We knew there was an announcement coming, and here's what it probably will be for...

​
I'm curious if surpassing 50 MP will trigger Canon into a development announcement on the 5DS / 5DS R sequel or EOS R high res model.

- A


----------



## Maximilian (Jul 16, 2019)

Thanks for the pointer. We'll see what they'll bring...



ahsanford said:


> ...
> I'm curious if surpassing 50 MP will trigger Canon into a development announcement on the 5DS / 5DS R sequel or EOS R high res model.
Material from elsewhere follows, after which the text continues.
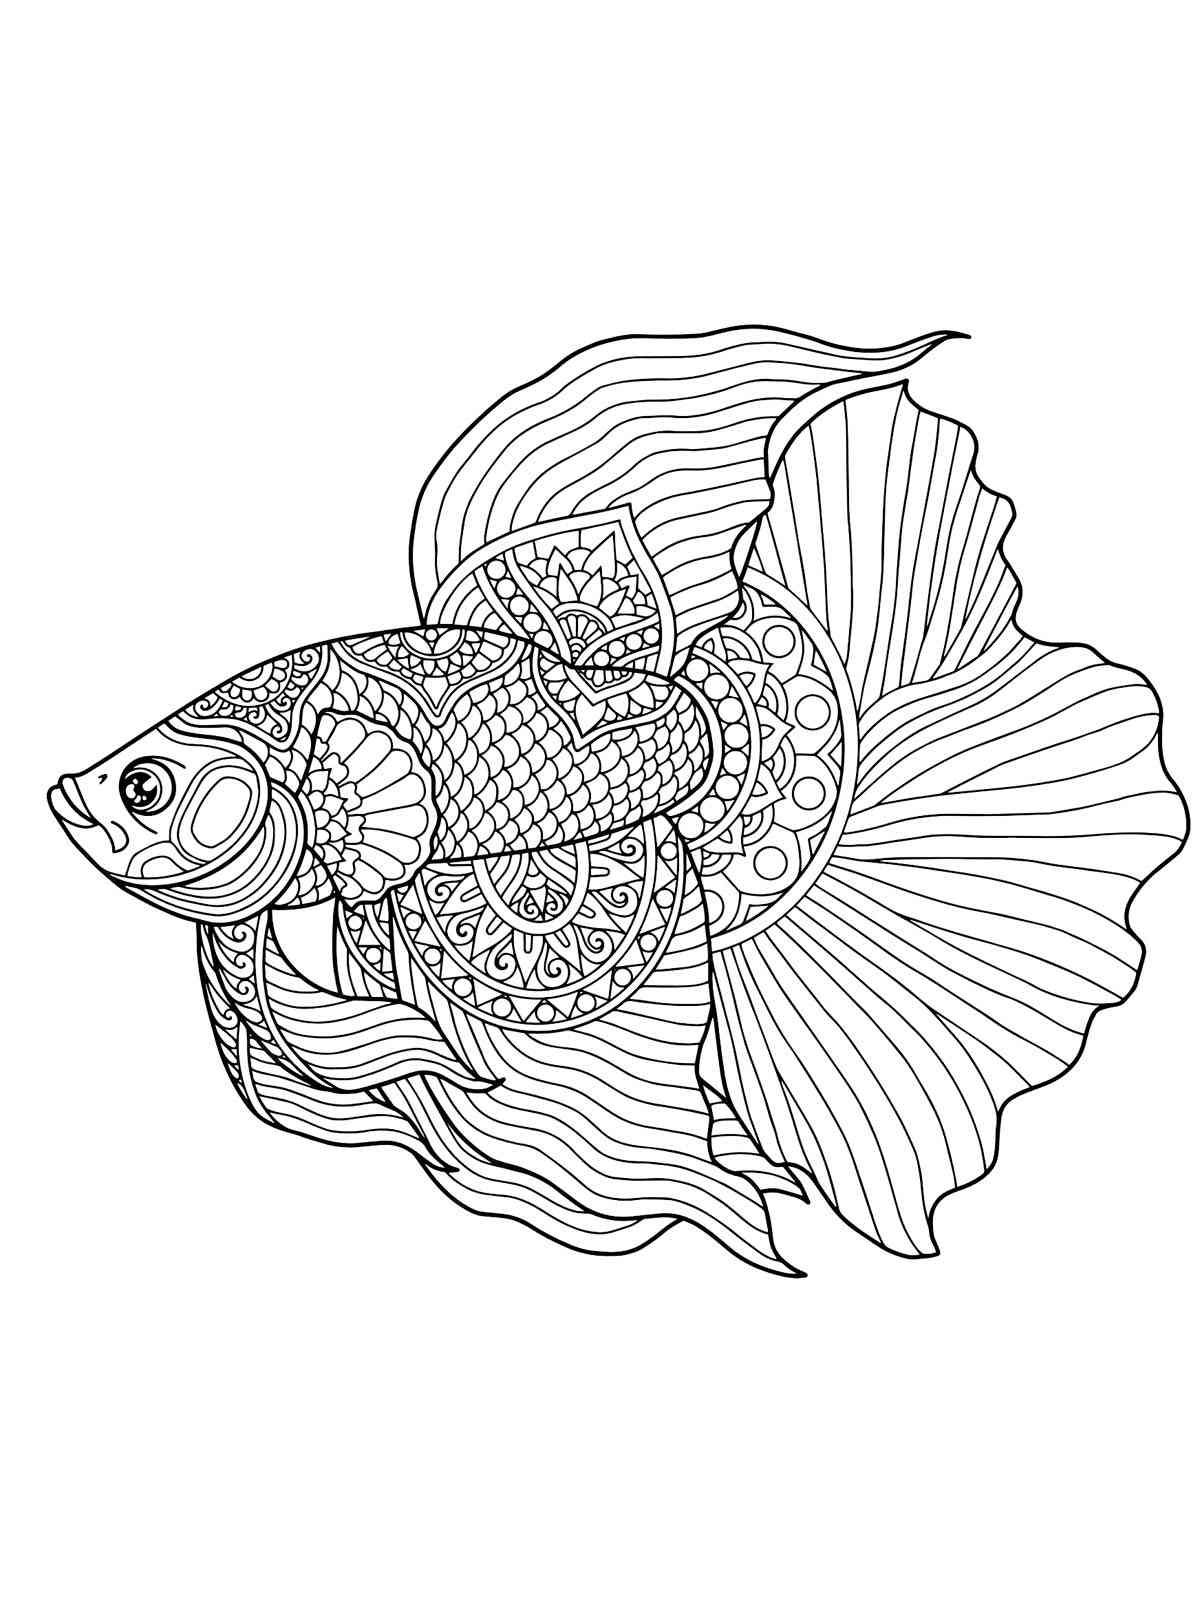 Betta Fish for Adult coloring page

You know (to be the first here _lol _):
What ever Canon will do they are *******! *******!


----------



## ahsanford (Jul 16, 2019)

61 MP according to Nokishita. but "is said to have" is not their normal kind of statement.




- A


----------



## ahsanford (Jul 16, 2019)




----------



## ahsanford (Jul 16, 2019)

61 MP x 10 fps is bonkers throughput. 

240 MP composite stills with pixel shift.

- A


----------



## ahsanford (Jul 16, 2019)

More details and specs:









Sony a7r IV mirrorless camera officially announced - Photo Rumors


The big surprise, the Sony a7r IV mirrorless camera, is now officially announced (product listings: Adorama | B&H, see the press event here, sample photos available here). It features the world’s first 35mm full-frame 61 MP back-illuminated Exmor R CMOS sensor with latest-generation BIONZ X...




photorumors.com


----------



## Maximilian (Jul 16, 2019)

Wow! tat was fast. I was just typing my reply... 



ahsanford said:


> 61 MP x 10 fps is bonkers throughput.


Interesting to see what the competition does - although I am absolutely not into pixel monsters.
But the throughput is really amazing.


----------